Querying more than one SUM() fails.

[Untitled_-_Jupyter_Notebook]https://user-images.githubusercontent.com/1904314/169910043-c679bec4-2cc7-4e20-9949-d1c8cbc12b12.png

[hyper_py_—_crate]https://user-images.githubusercontent.com/1904314/169910286-1510568d-6dfd-438f-a299-27e14613bdff.png

MacOS Monterey 12.3.1 (21E258)

— Reply to this email directly, view it on GitHubhttps://github.com/innobi/pantab/issues/161, or unsubscribehttps://github.com/notifications/unsubscribe-auth/AAEU4UO47CT5U6RJWTTCGZLVLP3T7ANCNFSM5WXEVQAA. You are receiving this because you are subscribed to this thread.Message ID: @.***>

WillAyd avatar May 23 '22 23:05 WillAyd

Ops sorry, here it goes:

pantab 2.1.1
tableauhyperapi 0.0.14401
pandas 1.4.2
Python 3.9.9

rafbgarcia avatar May 23 '22 23:05 rafbgarcia

FYI it looks like this works if you alias your column names, i.e. if you change your query to:

SELECT sum(new_appt) AS a, sum(new_appt) AS b FROM sales

I don't think Hyper has native support for duplicated column names, which is likely the root cause of issues here.

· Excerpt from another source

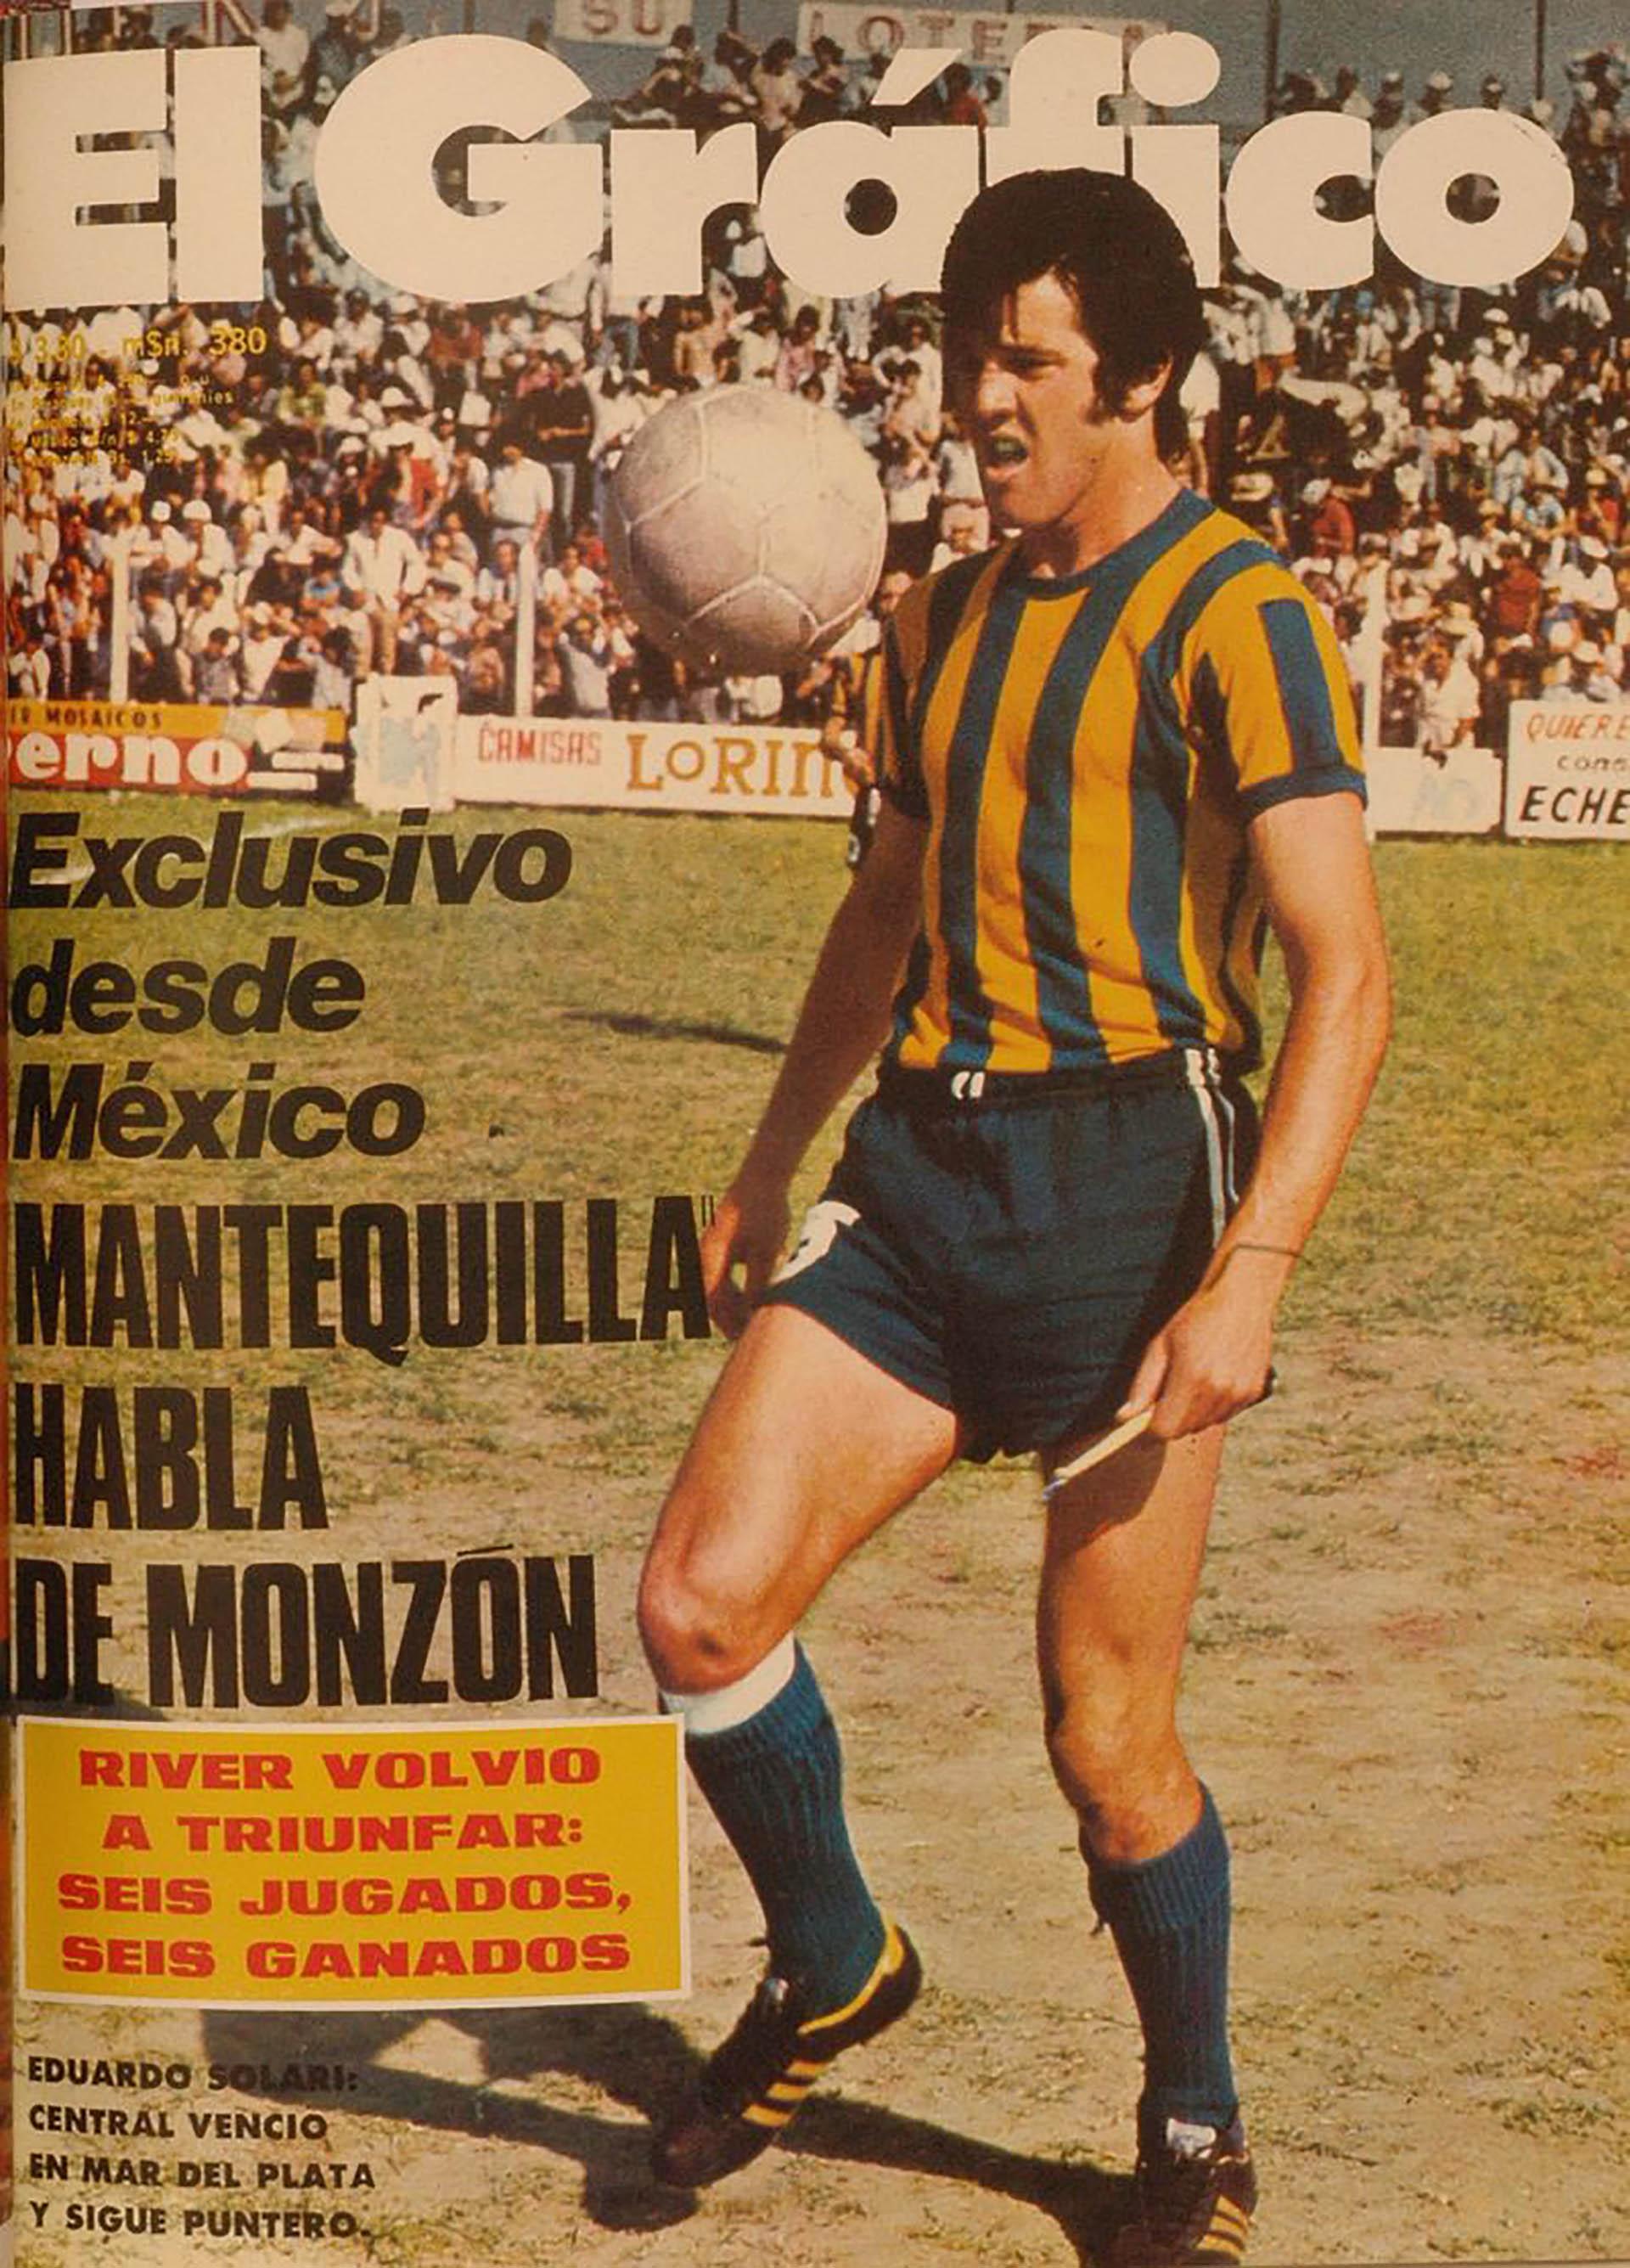 Eduardo Solari, padre de Santiago, se inició futbolísticamente en Rosario Central

To illustrate, if you do something like

>>> pantab.frame_to_hyper(pd.DataFrame([[1, 1]], columns=list("aa")), "sales.hyper", table="sales")
File ~/miniconda3/envs/pantab-dev/lib/python3.9/site-packages/tableauhyperapi/impl/dllutil.py:110, in Error.check(p)
    107 if p != ffi.NULL:
    108     # this will free the error when it goes out of scope
    109     errp = Error(p)
--> 110     raise errp.to_exception()

HyperException: column 'a' specified more than once

It might be a bug or corner case in the tableauhyperapi that you are allowed to create duplicate column names via an ad hoc query. @vogelsgesang might have some insights

WillAyd avatar May 24 '22 03:05 WillAyd

Oh, I see. When I use an aggregation function like SUM or COUNT, the column name comes as the function name, that's why when I summed two different columns I got that error.

Isn't there a way to name it like <AGGR_FN>_<COLUMN_NAME> or similar to give them unique names?

rafbgarcia avatar May 24 '22 12:05 rafbgarcia

Anyway, I'm closing this issue because the problem is solved.

rafbgarcia avatar May 24 '22 12:05 rafbgarcia

unfortunately, this is somewhat expected behavior from the Hyper side.

The same happens if you run the following query, e.g., in Postgres:

SELECT sum(a), sum(b)
FROM (VALUES (1,2)) v(a,b)

Postgres also gives you two columns which have the same name, i.e. sum

Could it be that maybe pantab somehow gets confused by that, and expects column names to be unique?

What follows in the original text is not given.